/---

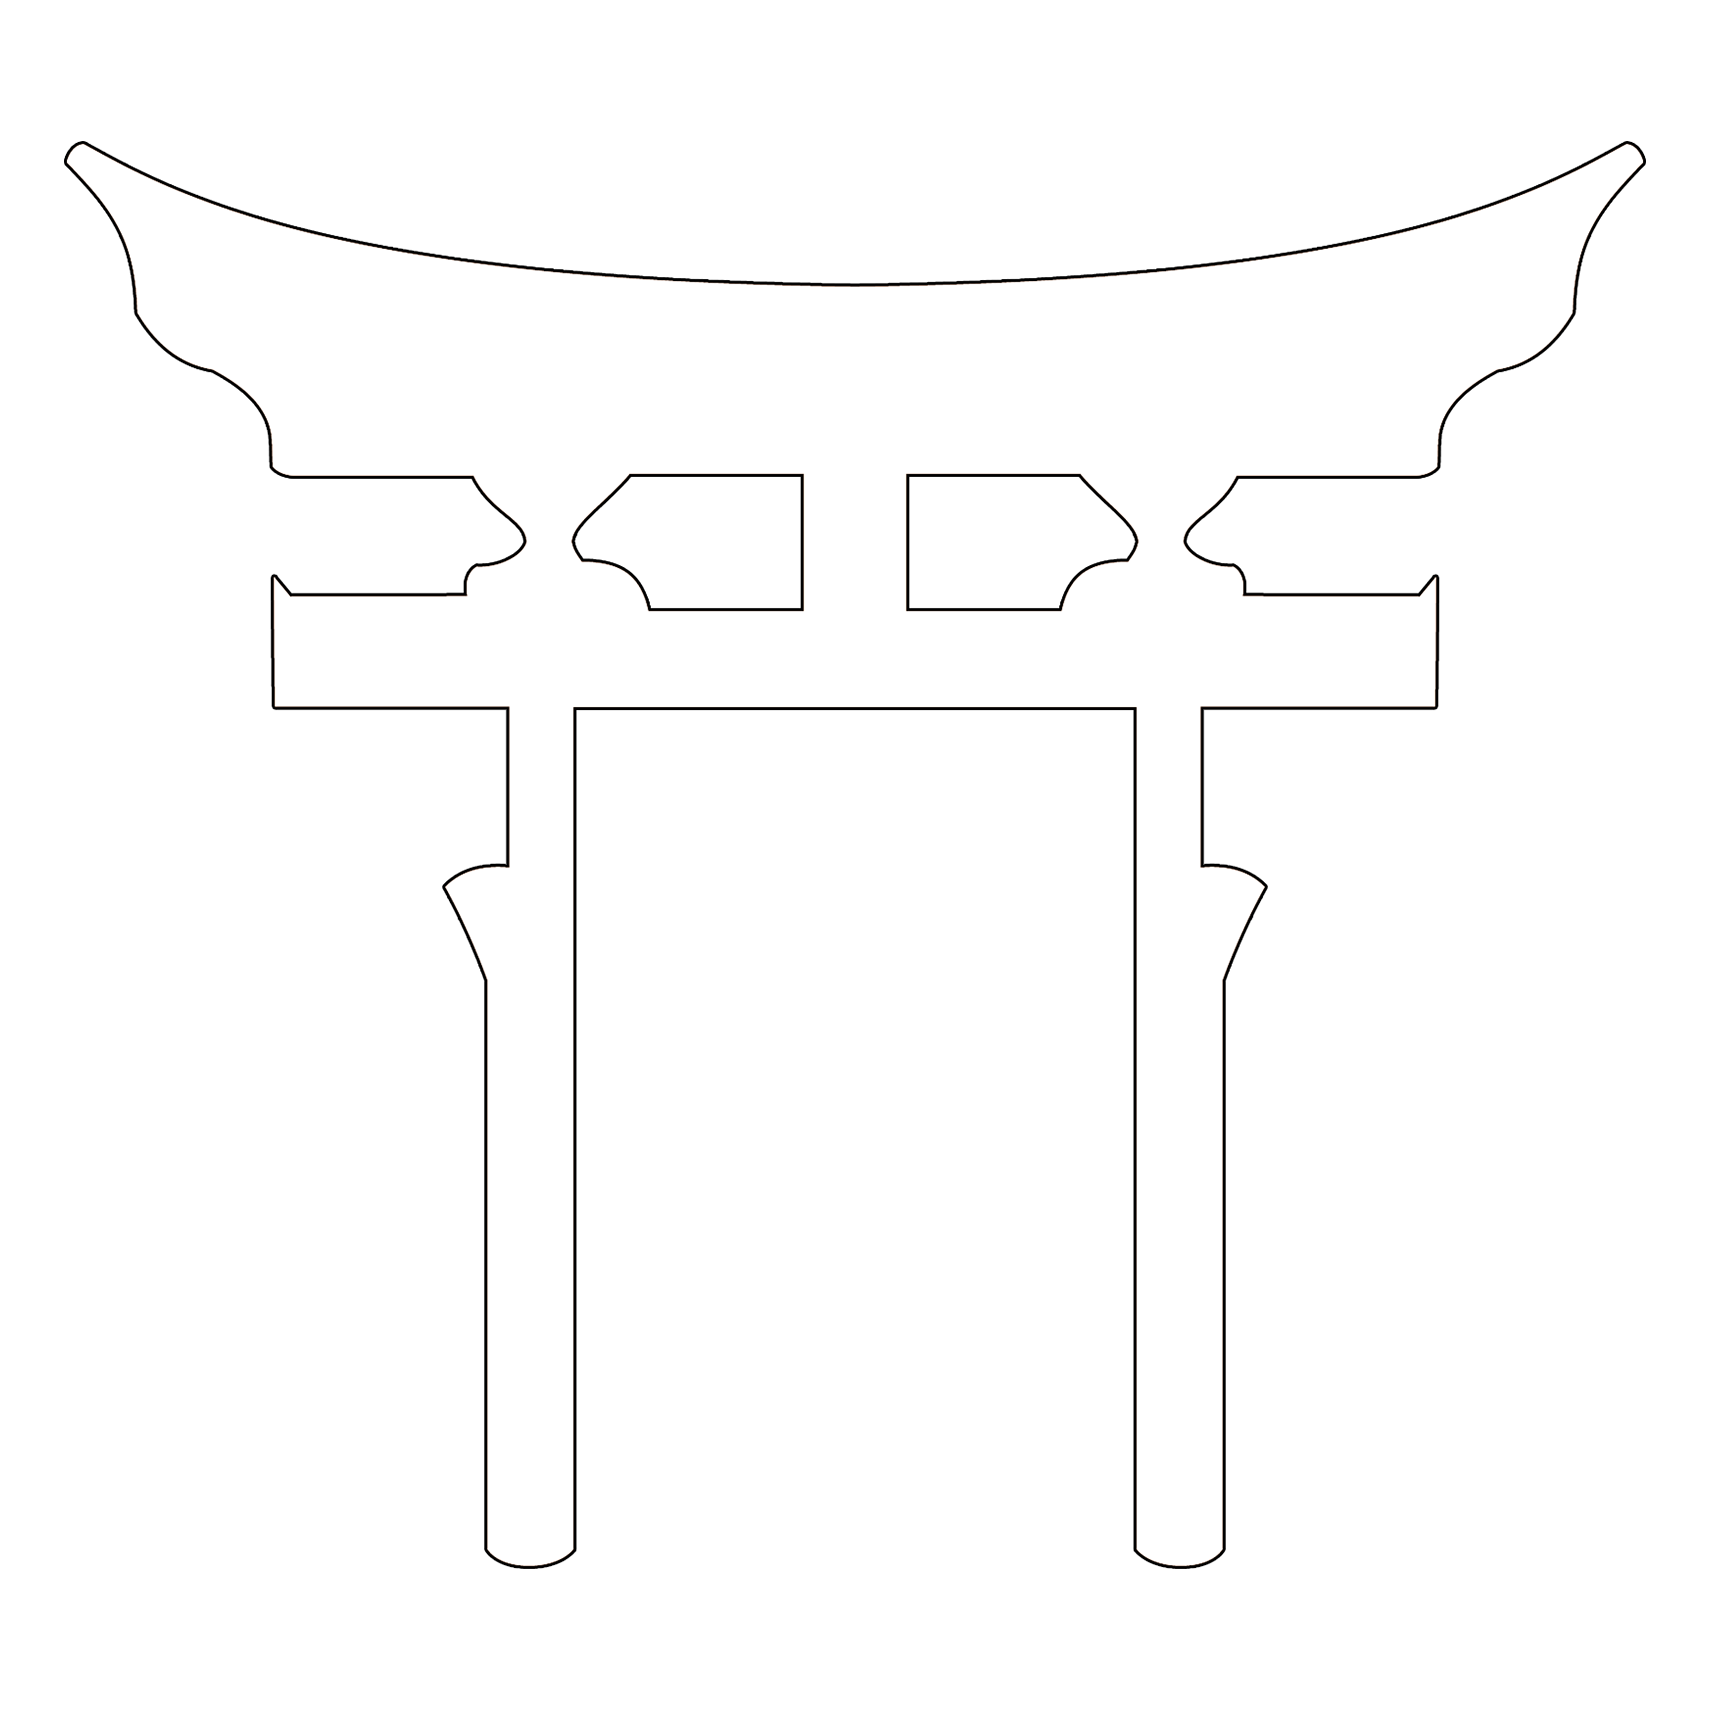 shinto symbol
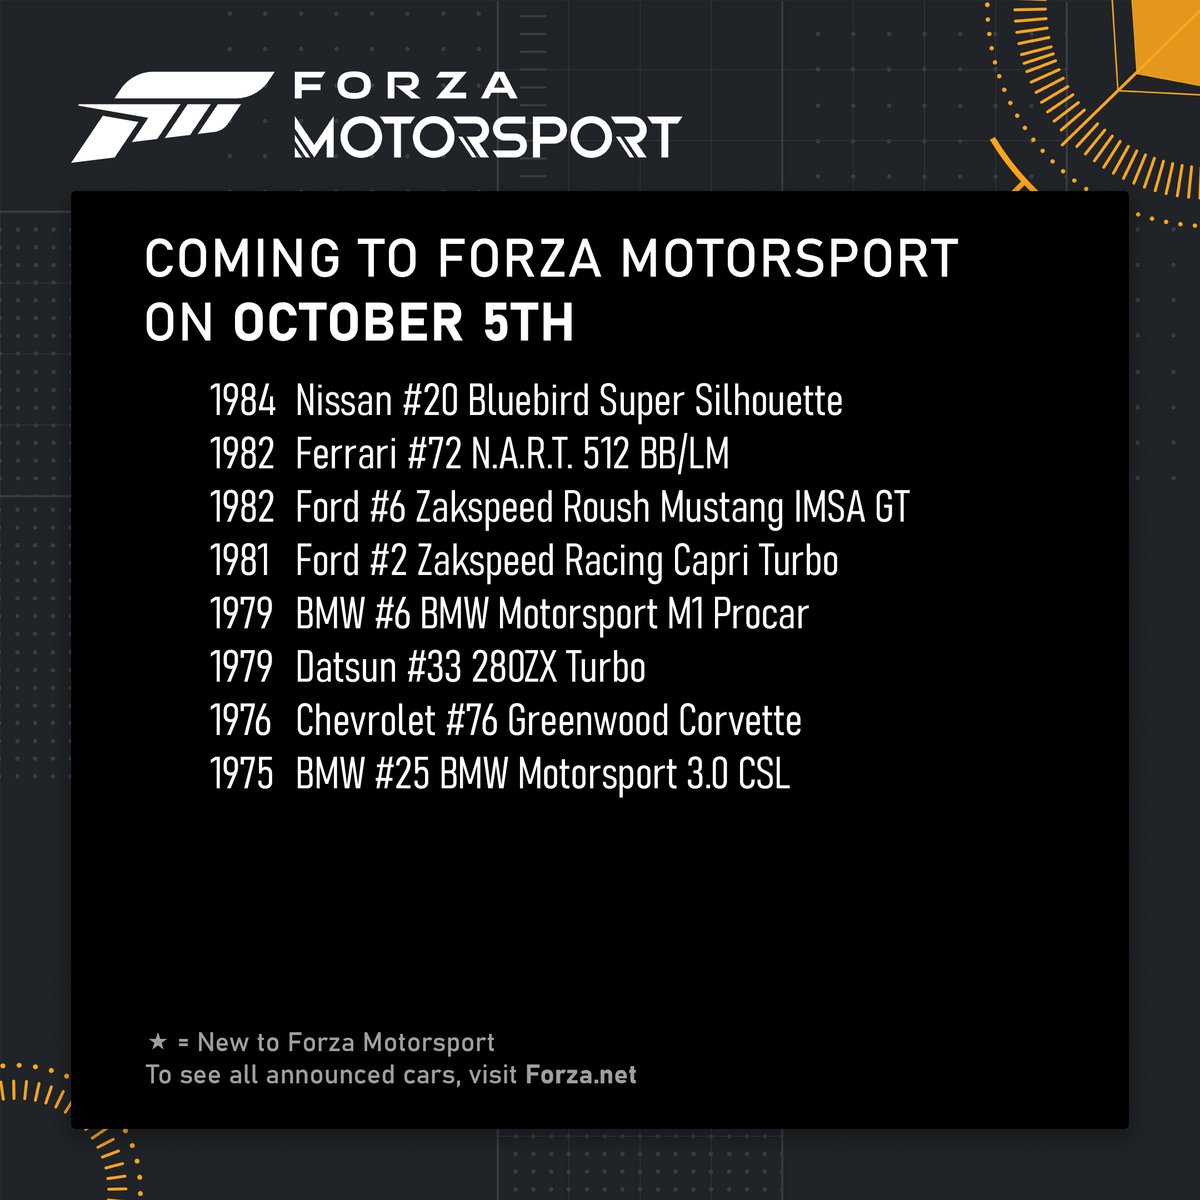 ForzaMotorsport tweet picture
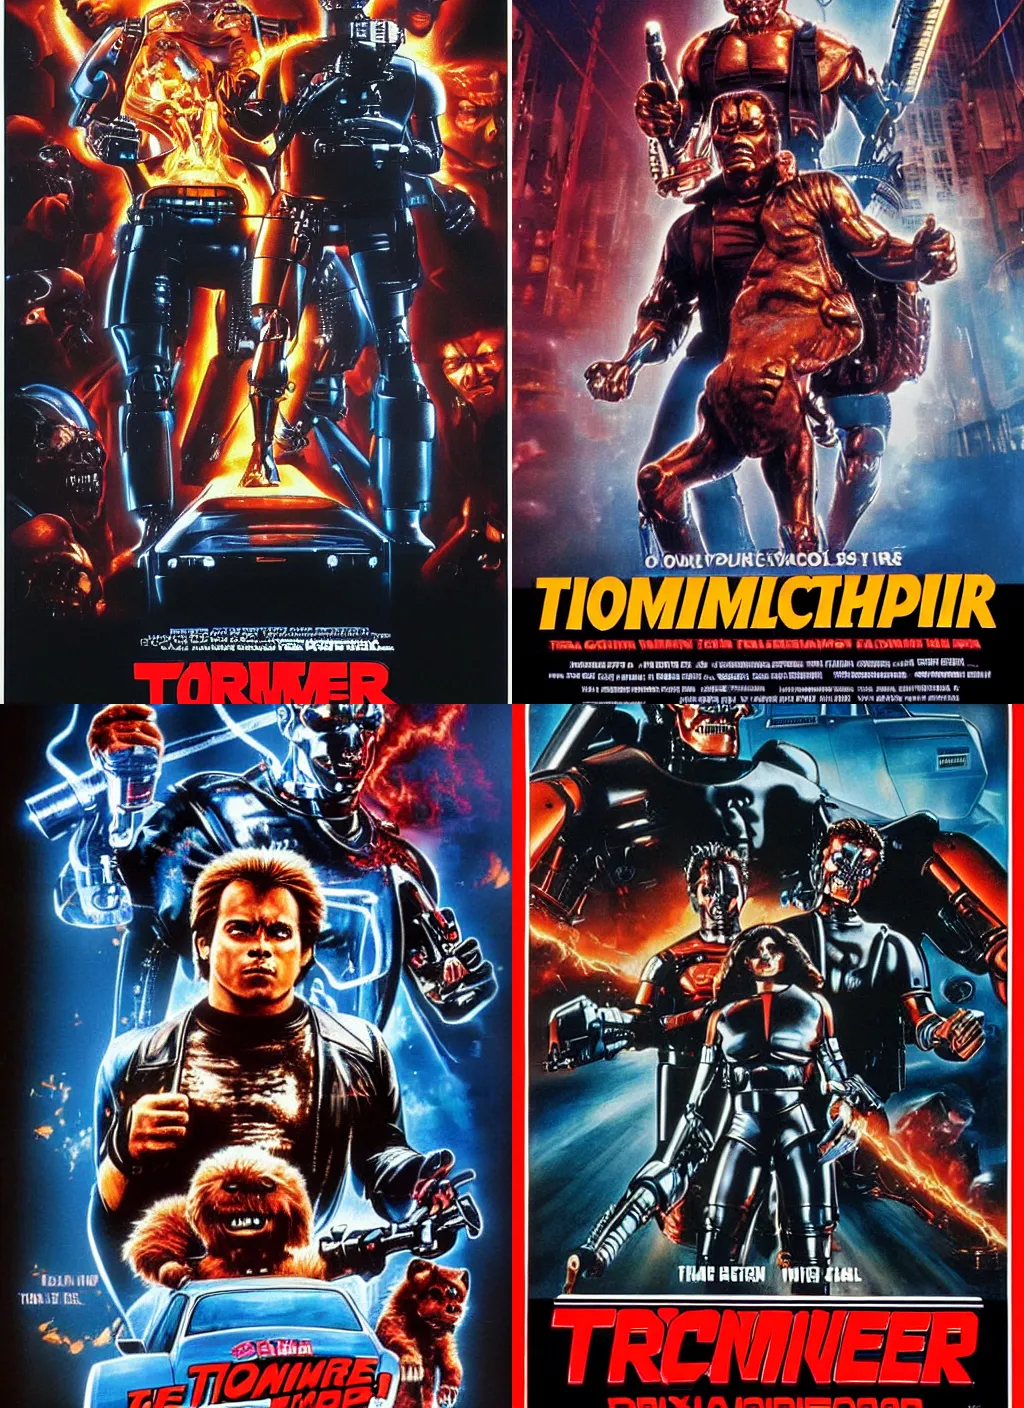 Prompt: Movie poster for Terminator Ruxpin (1985)
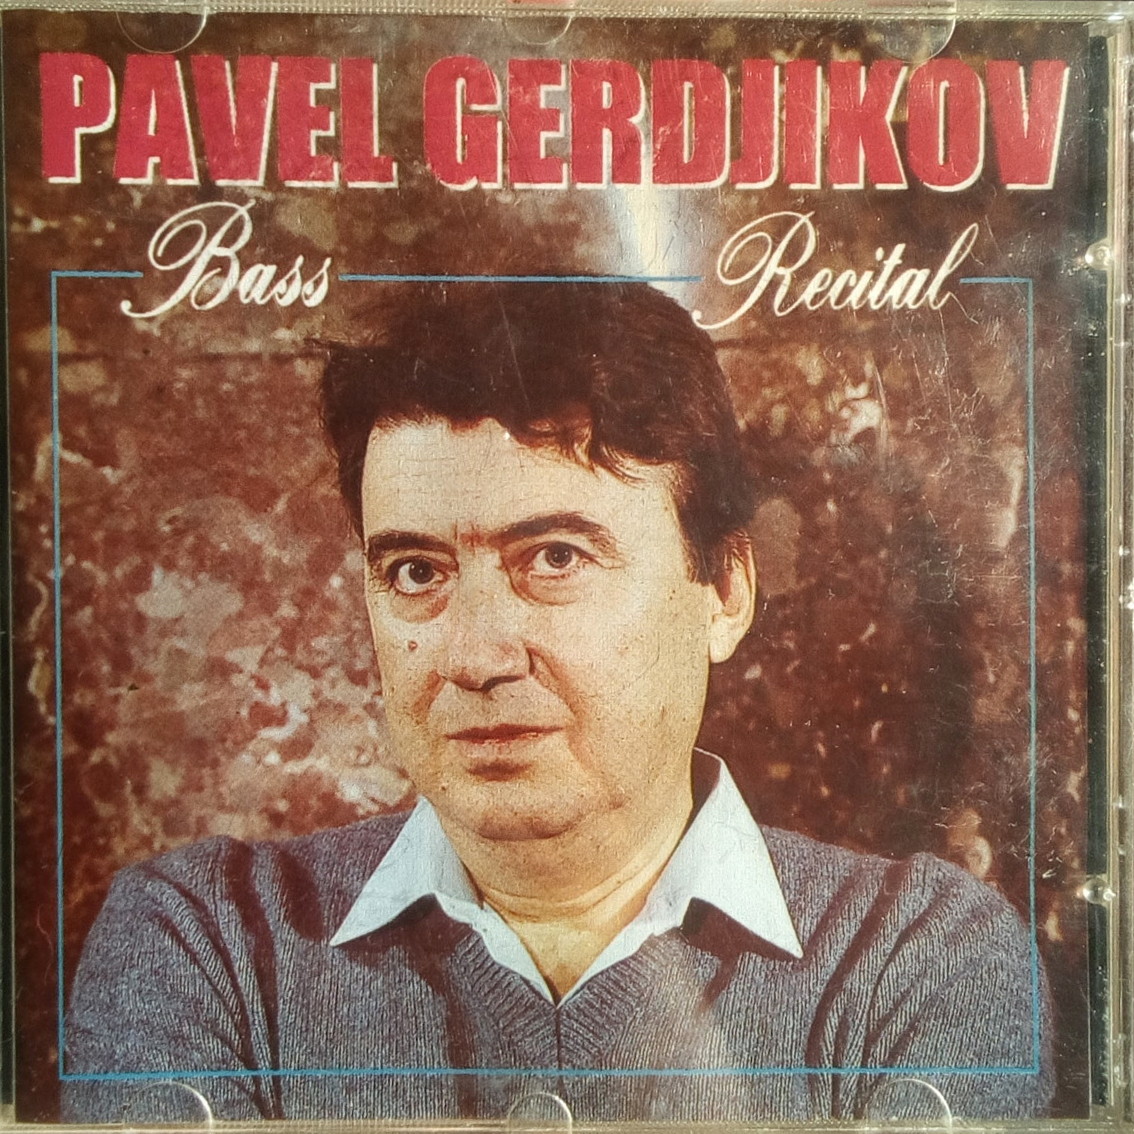 Pavel GERDJIKOV, bass. Recital

\---

• What is required
Where the data includes pictures, leave them out and write out everything else exactly.

• Exercise response
 shinto symbol
 ForzaMotorsport tweet picture
 Prompt: Movie poster for Terminator Ruxpin (1985)
 Pavel GERDJIKOV, bass. Recital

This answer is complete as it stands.